Dataset excerpt
▬▬▬
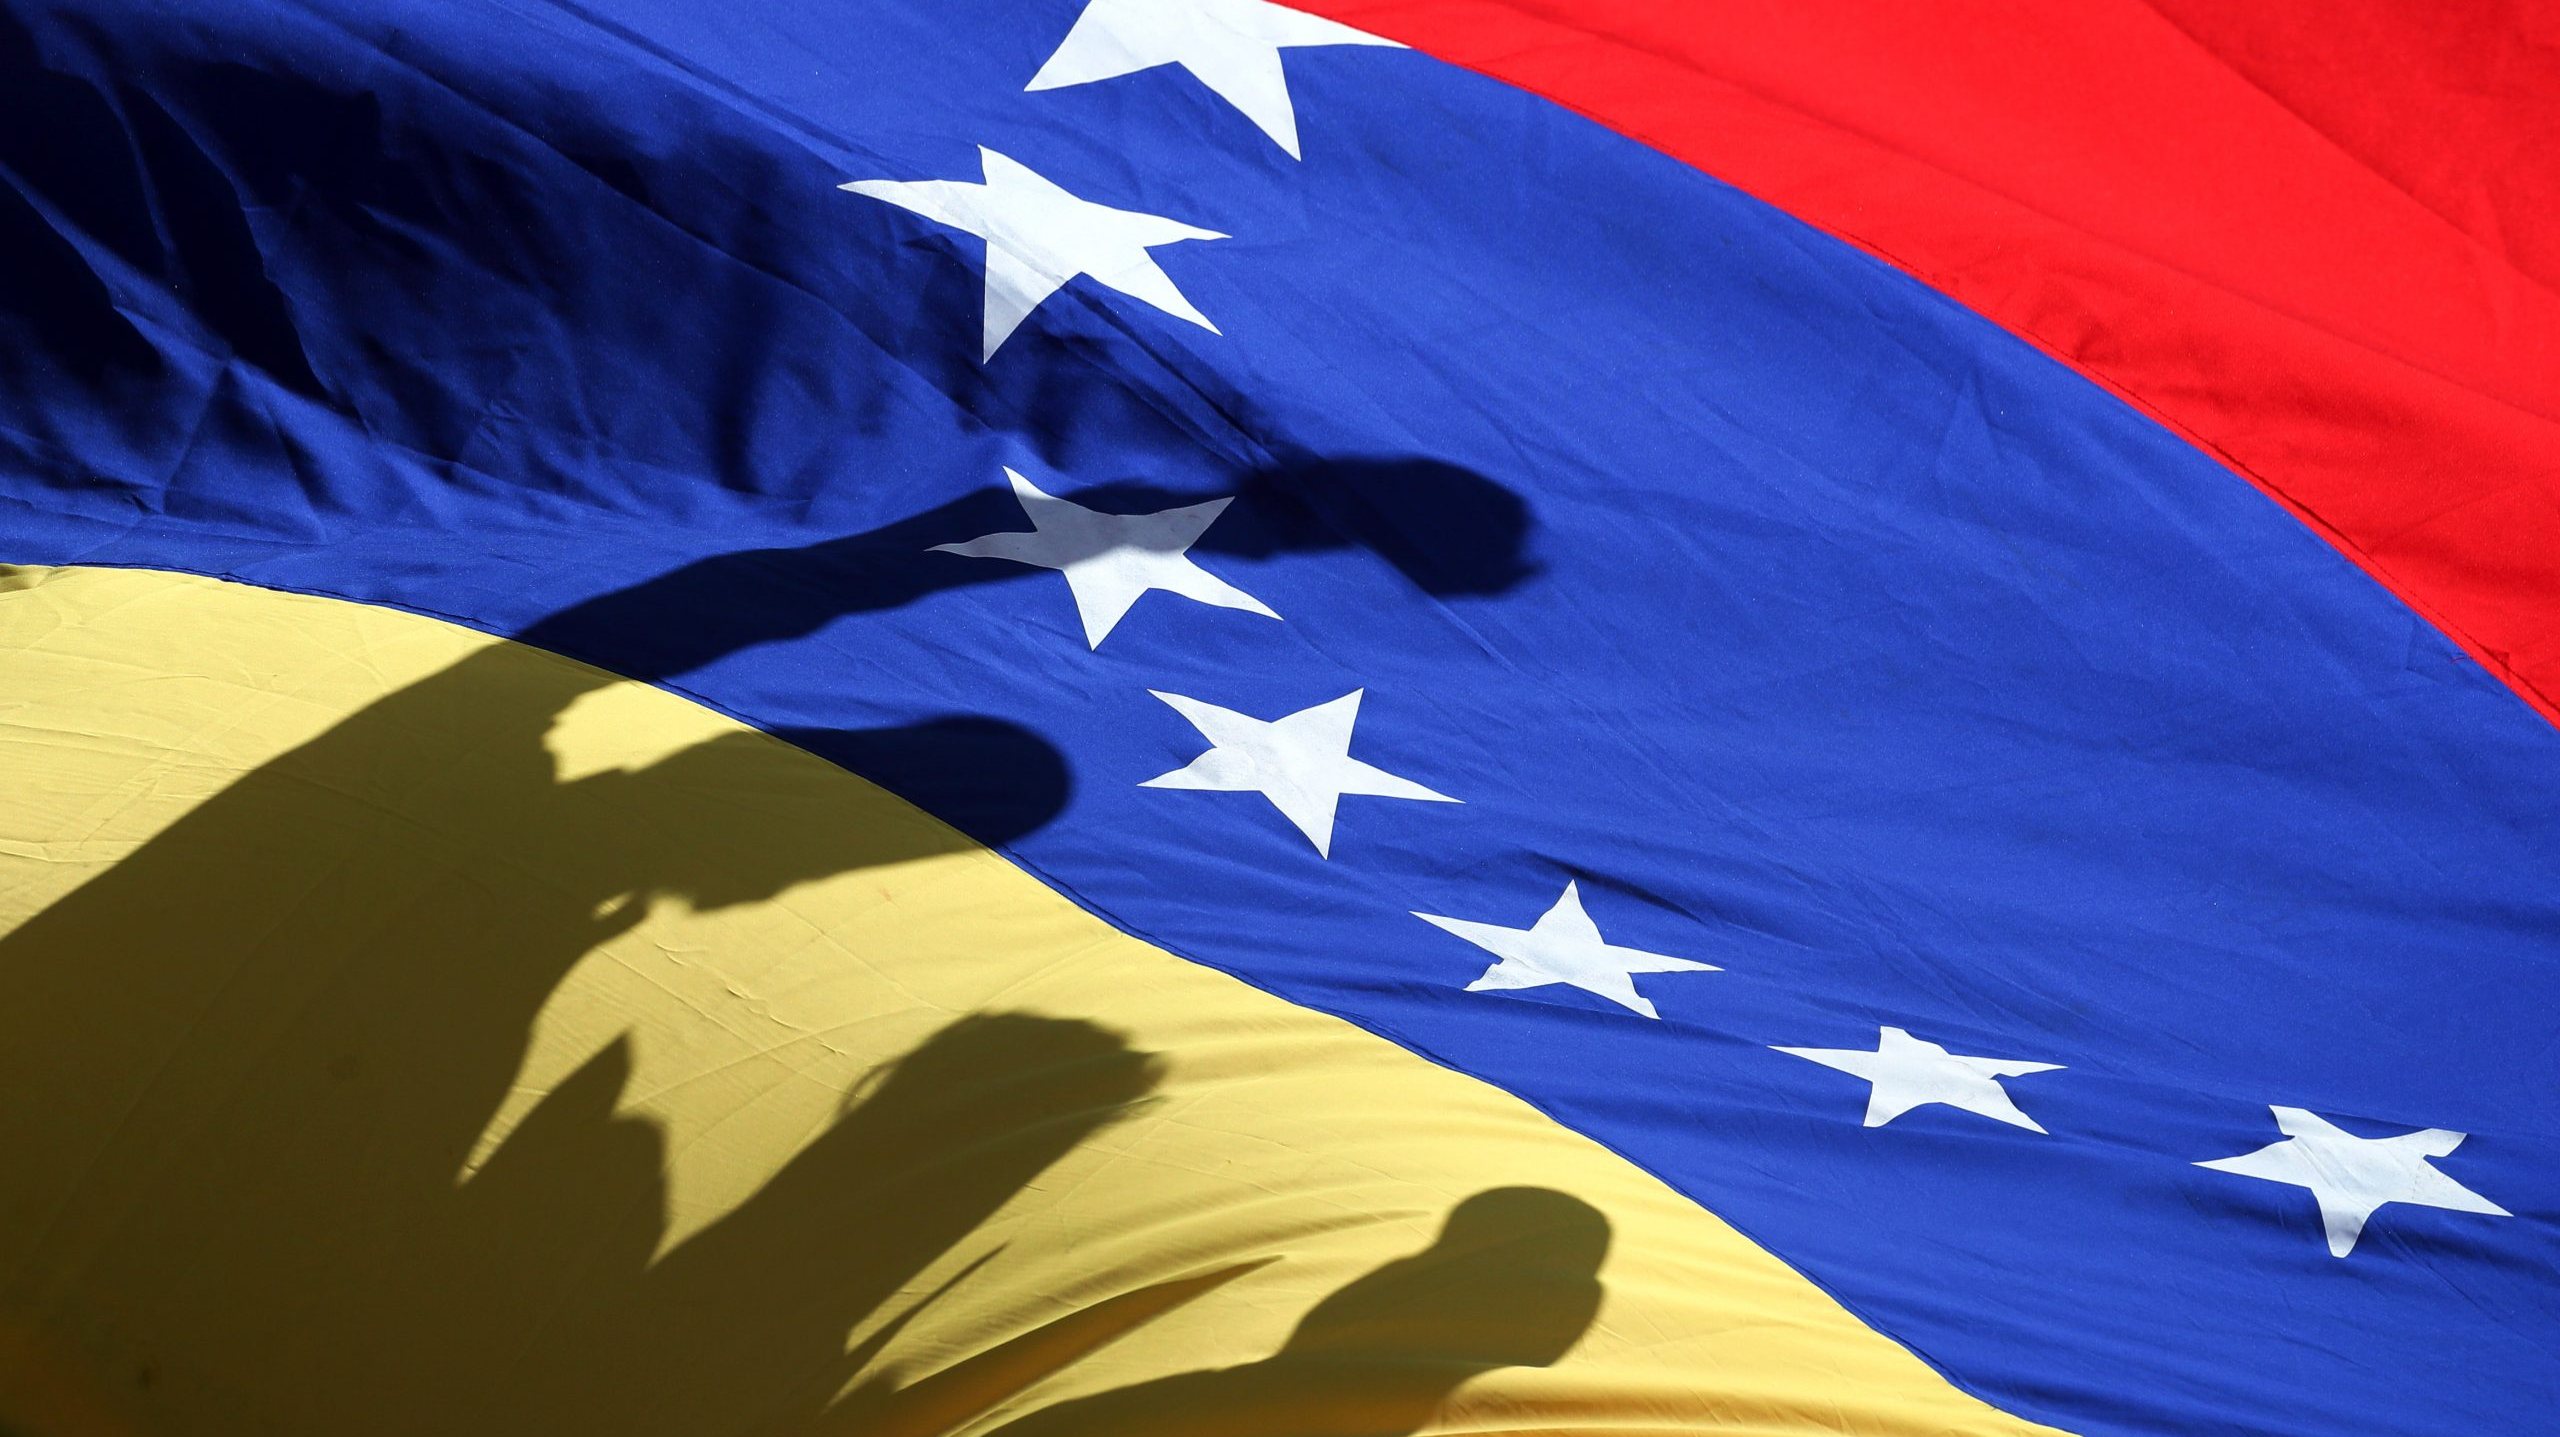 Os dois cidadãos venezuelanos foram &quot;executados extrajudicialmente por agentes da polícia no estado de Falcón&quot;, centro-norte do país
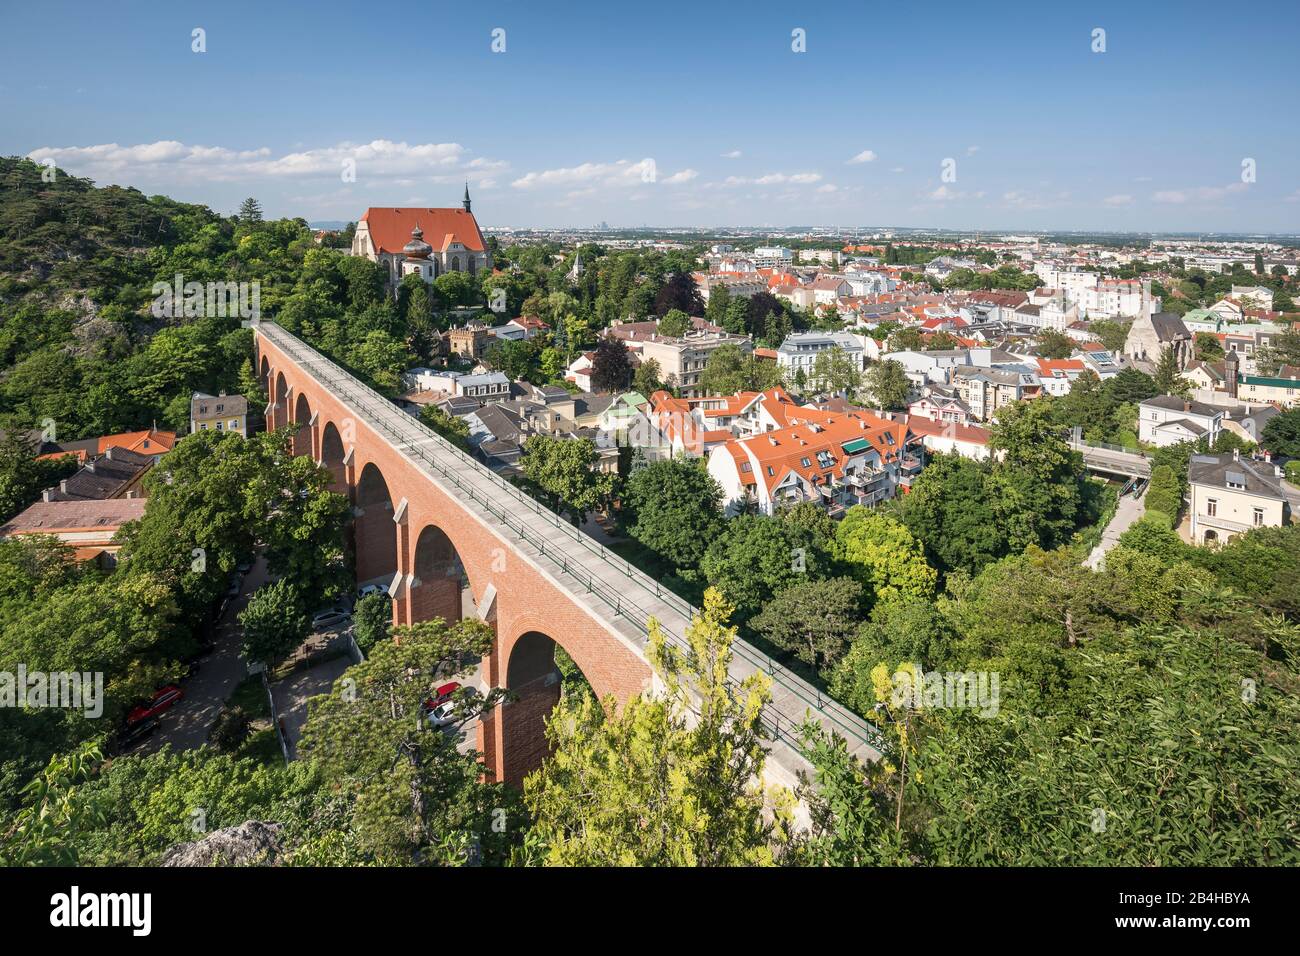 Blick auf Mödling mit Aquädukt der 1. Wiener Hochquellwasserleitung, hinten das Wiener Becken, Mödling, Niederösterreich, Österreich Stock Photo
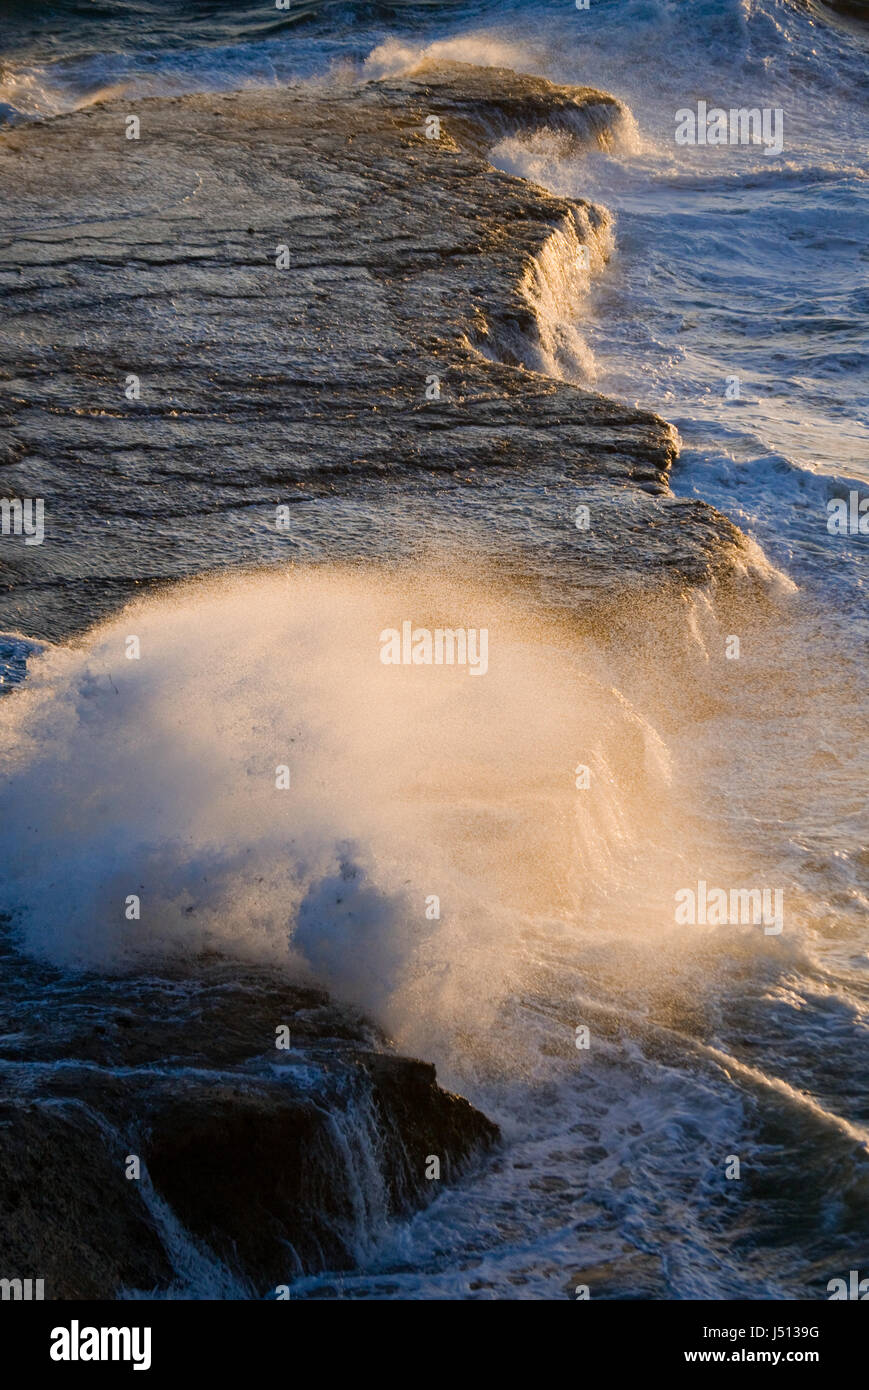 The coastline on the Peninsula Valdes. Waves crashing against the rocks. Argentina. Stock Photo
▬▬▬
What this task involves
Copy all the data exactly as written, but skip any picture.

Solution for this task
 Os dois cidadãos venezuelanos foram &quot;executados extrajudicialmente por agentes da polícia no estado de Falcón&quot;, centro-norte do país
 Blick auf Mödling mit Aquädukt der 1. Wiener Hochquellwasserleitung, hinten das Wiener Becken, Mödling, Niederösterreich, Österreich Stock Photo
 The coastline on the Peninsula Valdes. Waves crashing against the rocks. Argentina. Stock Photo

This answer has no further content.